In reality it was she who was taking him away from C. She made use of the friendship to engineer a break. Far too intelligent to take a solemn line about the matter, she constituted herself Byron’s confidante; listened sympathetically to his complaints of Caroline’s tantrums, laughed heartily when he made fun of them; and was herself in return very amusing about Caroline. “Really she seems inclined to behave better,” she writes once, “and is only troublesome in private and a great bore in public. This I know you never could believe. But I hope some day to see you undergo a dinner when she is trying to show off.” Subtly she tried to discredit Caroline in his eyes; sensibly she pointed out how awkward the connection was likely to prove in the future. Would it not be better—and kinder too—to make an end of it at once?
Lady Melbourne was not alone in her efforts. Lady Bessborough, beside herself with worry, was even more active. But her very amiability made her less effective.

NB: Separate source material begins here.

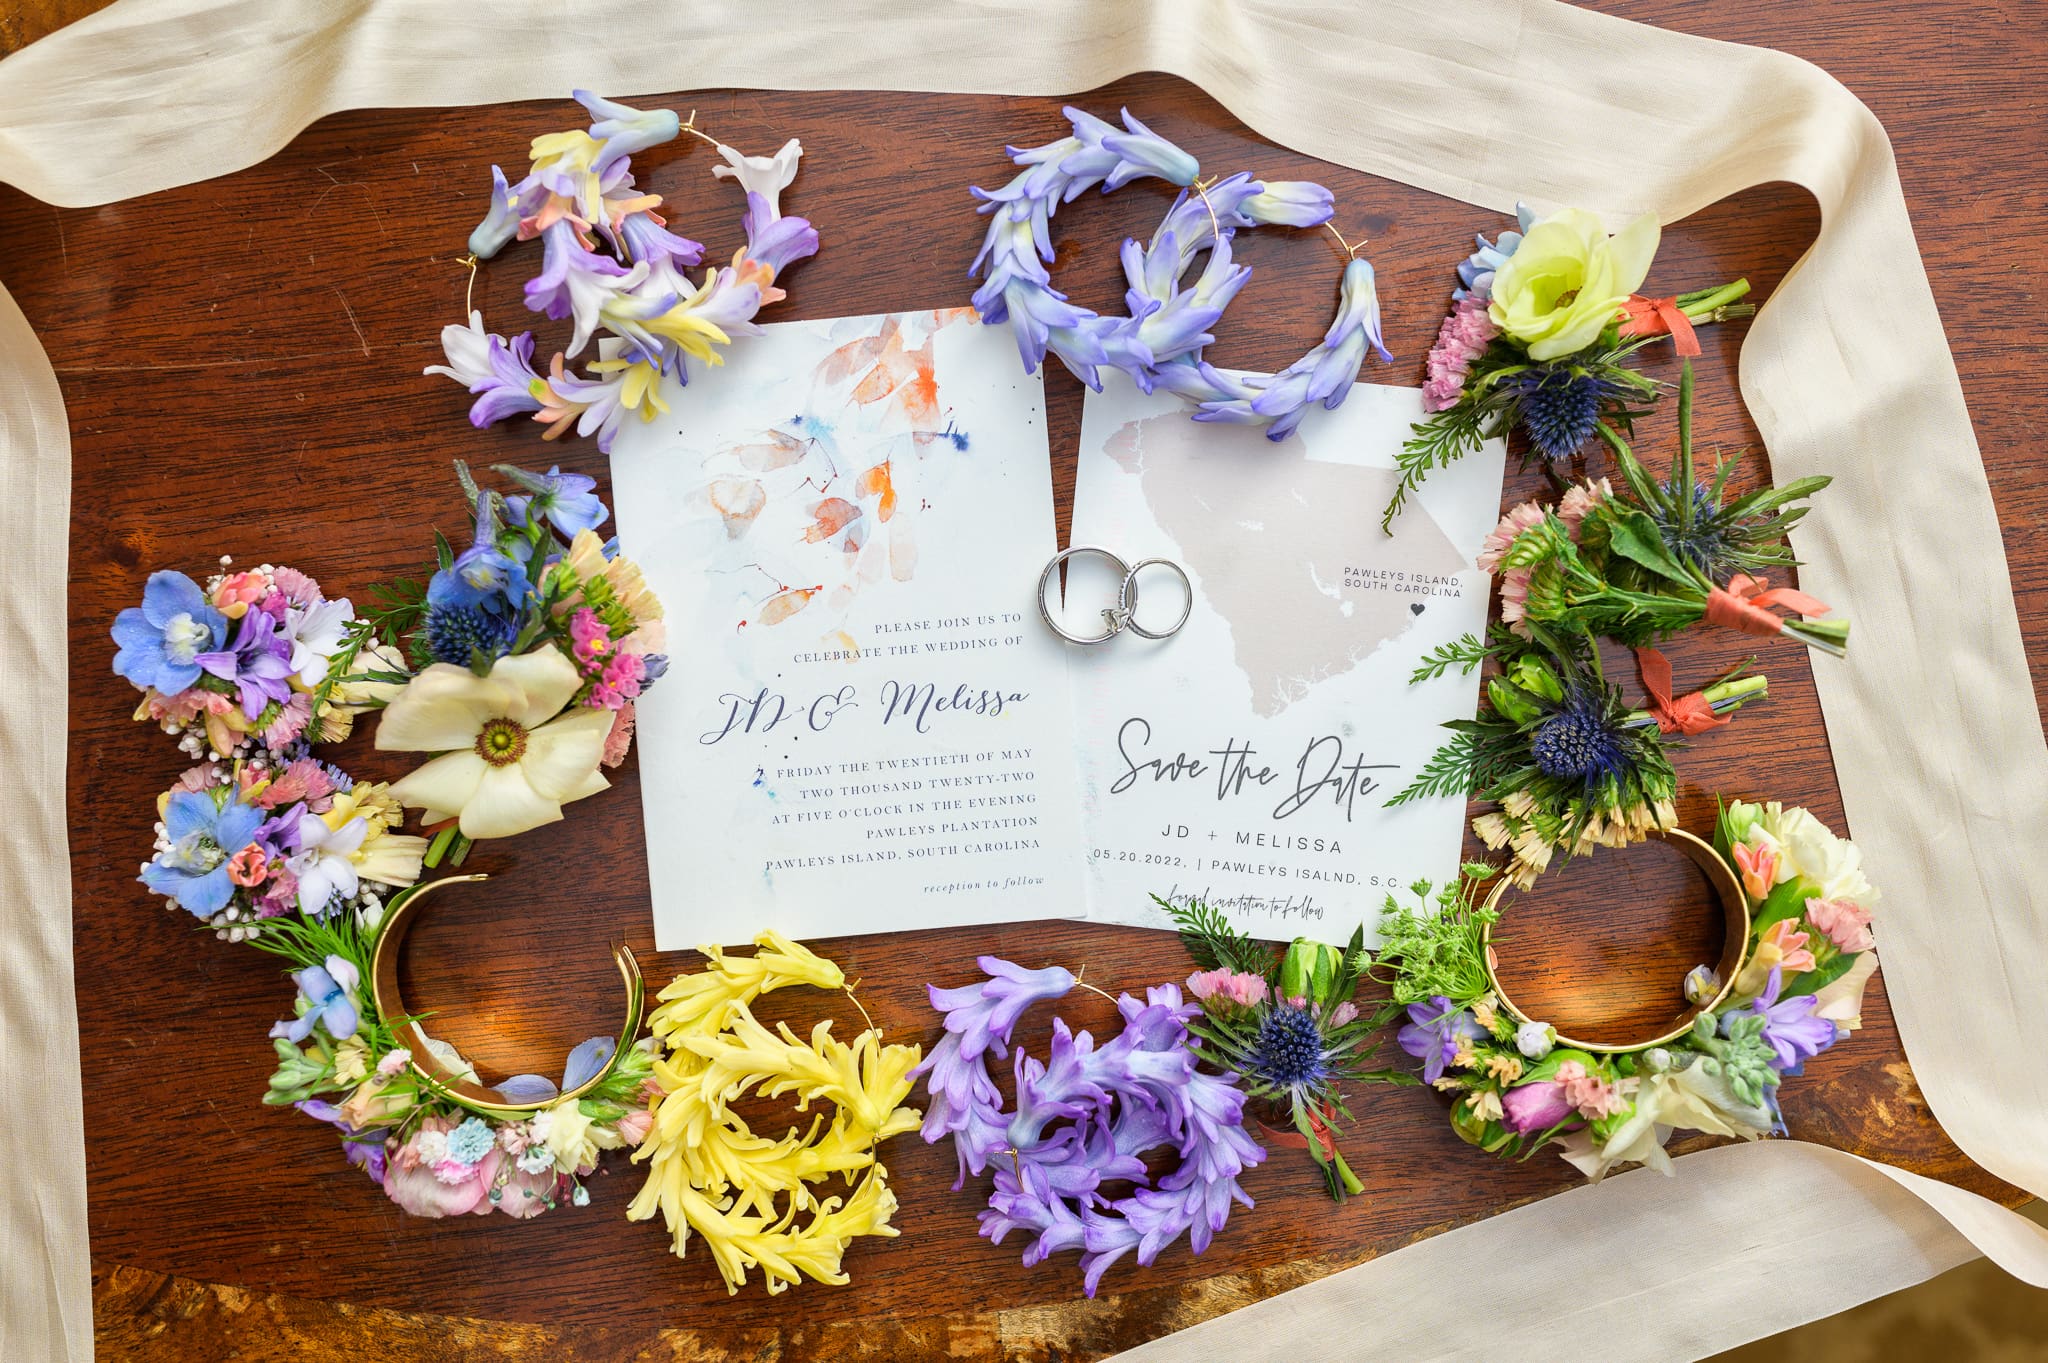 Details of invitation and flowers - Pawleys Plantation Golf & Country Club

Refined and tender-hearted, her only policy in such cases was to appeal to people’s better feelings. From Caroline to Byron, from Byron to Byron’s friends she hurried, protesting with tears that she knew what a sacrifice she was asking; but that she was sure they would see it was the right thing to do. Further, she could not bear that Caroline should be wounded more than necessary. Let her if possible make the first move: and let them part in no sordid squabble, but with the dignity and considerateness befitting the end of a great love. Such an attitude
showed a complete failure to grasp the unbridled irresponsibility of the two people with whom she was dealing. Far rougher measures were needed to make any impression on Caroline; while Byron merely thought Lady Bessborough, or Lady Blarney, as he called her, a foolish sentimentalist. “I am sure Lady B.,” he told Lady Melbourne, “will be a little provoked, if I am the first to change, for, like the Governor of Tilbury Fort, although the Countess is resolved, the mother intenerisce un poco, and doubtless will expect her daughter to be adored (like an Irish lease) for a term of 99 years.”
Behind the two mothers-in-law clamoured a host of secondary advisers. Caroline’s conduct had created so resounding a scandal that everyone remotely connected with her—from her brother down to her mother’s maid—considered they had a right to interfere. Even Lord Melbourne was roused. As usual a little muddled, he got hold of the idea that Lady Bessborough as well as Caroline was in love with Byron. “They make a fool of me by forcing me to ask him to my house,” he lamented to the Prince Regent. Lady Bessborough, informed of the remark, forgot her worries for a moment in a fit of uncontrollable laughter.